The 'Masters of the Air' Premiere Is a Damn Good Time

If you watched Band of Brothers and The Pacific, Apple TV+ has a treat for you: Masters of the Air. It's the third World War II-set miniseries from executive producers Steven Spielberg and Tom Hanks, who once again focus on a brave group of men during one of the worst conflicts the world has ever seen. Debuting its first two episodes this past Friday, Masters of the Air stars Austin Butler, Barry Keoghan, and Callum Turner—which is a pretty killer lineup, if you ask us.

Be warned: if you're a Band of Brothers fan, you're strapping in for a much different flight in Masters of the Air. For one, our boys are no masters of the air, as the title suggests. Though the two main characters, Gale "Buck" Cleven (Butler) and John "Bucky" Egan (Turner) are hotshot pilots, they're a bit too green for the dangerous missions ahead. The show's name comes from historian Donald L. Miller's book, Masters of the Air: America's Bomber Boys Who Fought the Air War Against Nazi Germany. However, Major Harry H. Crosby (played by Anthony Boyle), flew alongside the two heroes and wrote A Wing and a Prayer—a memoir that also serves as inspiration for the series. As you watch Masters of the Air, you may find yourself thinking that Crosby's title feels more accurate. Planes and prayers are just about all these men have to go on.

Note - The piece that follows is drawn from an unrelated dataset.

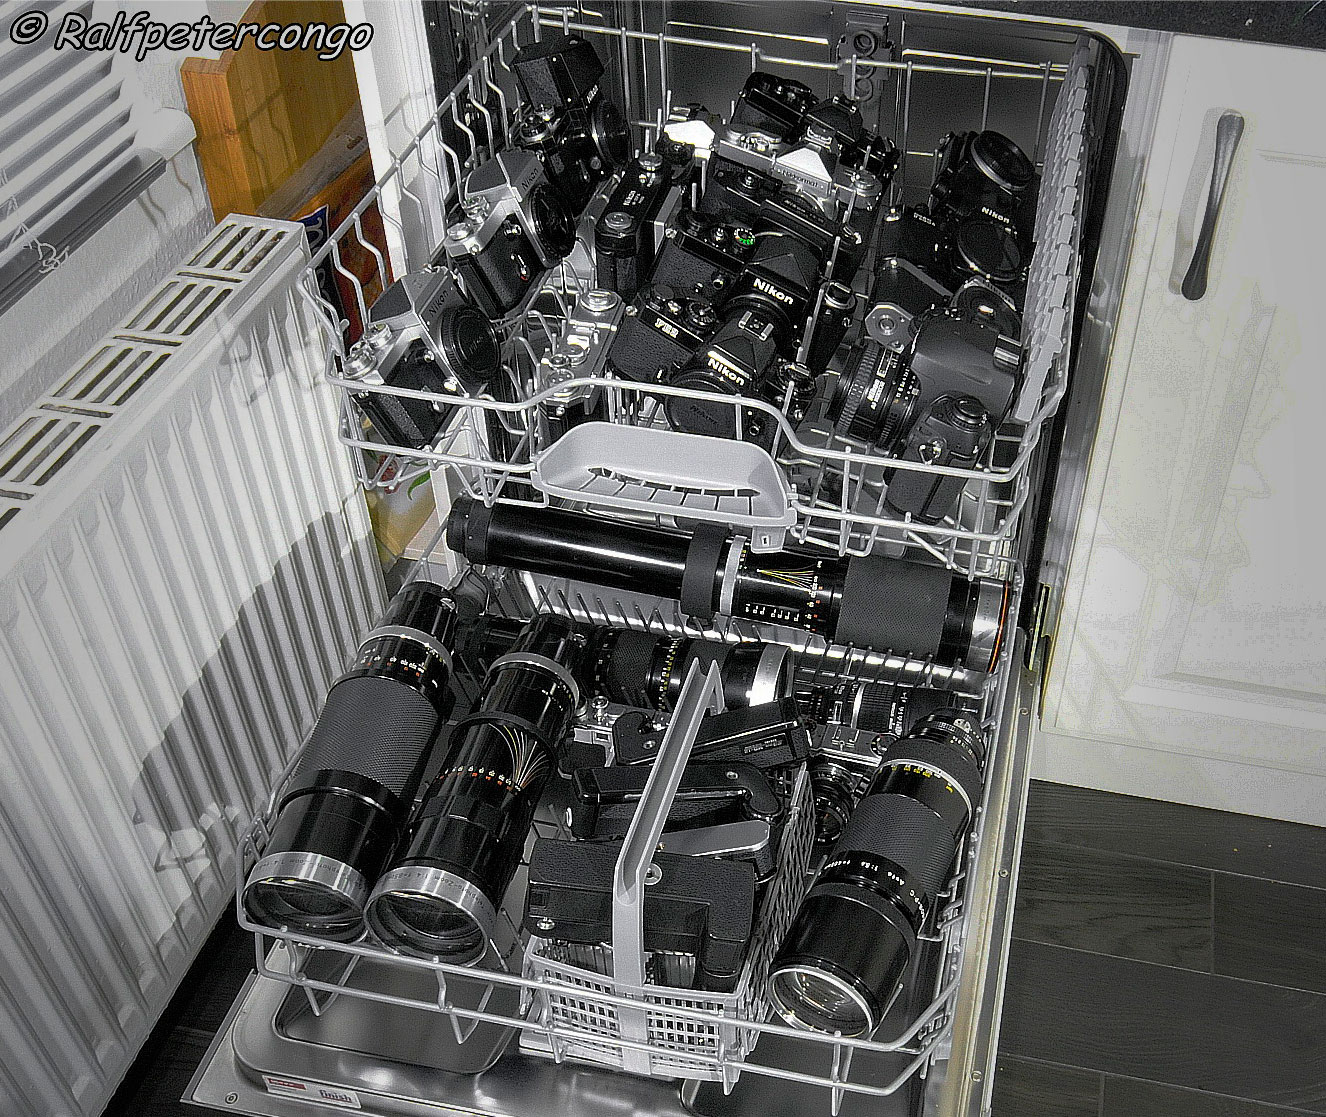 Nikon-camera-cleaning-dishwasher.jpg

Unlike Band of Brothers' Easy Company, the pilots in Masters of the Air's first two episodes are undisciplined, rowdy, and airsick. There's historical truth behind it all. Before they were truly ready for war, the 100th Bomb Group reportedly went through several commanding officers and failed training missions. (This all occurs before episode 1 sends the boys on their first European mission.) After an enemy assault results in the loss of three planes, Butler's Cleven is shellshocked. His best friend had been on two missions before. "Why didn’t you tell me?" he asks Egan. "You didn’t tell me it was like that."

As you watch Masters of the Air, you'll find that the 100th Bomb Group—nicknamed the "Bloody 100th" due to their unit's high number of casualties—saw an entirely different conflict than what's portrayed in Band of Brothers. It's pure chaos up there—and victories are counted by how many men returned home after each skirmish. In Masters of the Air, you're a hero if you survive.

masters of the air callum turner
Meet TV’s hottest new bromance.Robert Viglasky - Apple

Still, Masters of the Air retains the heart of Hanks and Spielberg's previous collaborations: camaraderie. As our main characters Butler and Turner are shining beacons of brotherhood, serving up the best bromance on television since New Girl's Nick and Schmidt. After the teardown of their facades in the 100th's first mission over Bremen, Germany, you get the feeling that it'll only get harder for them to stay strong as the war goes on.

Thankfully, episode 2 gives the boys a win. Joined by Crosby (Boyle) and Lieutenant Curtis Biddick (Barry Keoghan), our band of UK-actors-turned-American-pilots take to to the skies for a successful bombing of a German U-boat pen in Norway. We also have a good amount of laughs—which you should absolutely savor. At one point,Crosby is so airsick that he makes a big mistake while navigating the plane... which somehow saves their lives. Meanwhile, Biddick (safely!) crash-lands in a Royal Air Force officer's vegetable patch in Scotland. This event did occur in real life. But the extra joke, of course, is that Keoghan has a great time at the officer's house because he gets to shed that New Yahwka accent—and revert to his usual Irish self for a moment.

Going forward, the series is firmly buckled in and ready for takeoff. We'll surely experience heartbreak in Masters of the Air, even if the series pays more attention to those who survived the war than those who were lost. World War II was simply a level evil and mass destruction that no one was ready for. At one point in Masters of the Air's two-episode premiere, Cleven asks Egan why he didn't warn him about the harrowing missions to come. Egan simply replies, "I didn’t know what to say. You’ve seen it now."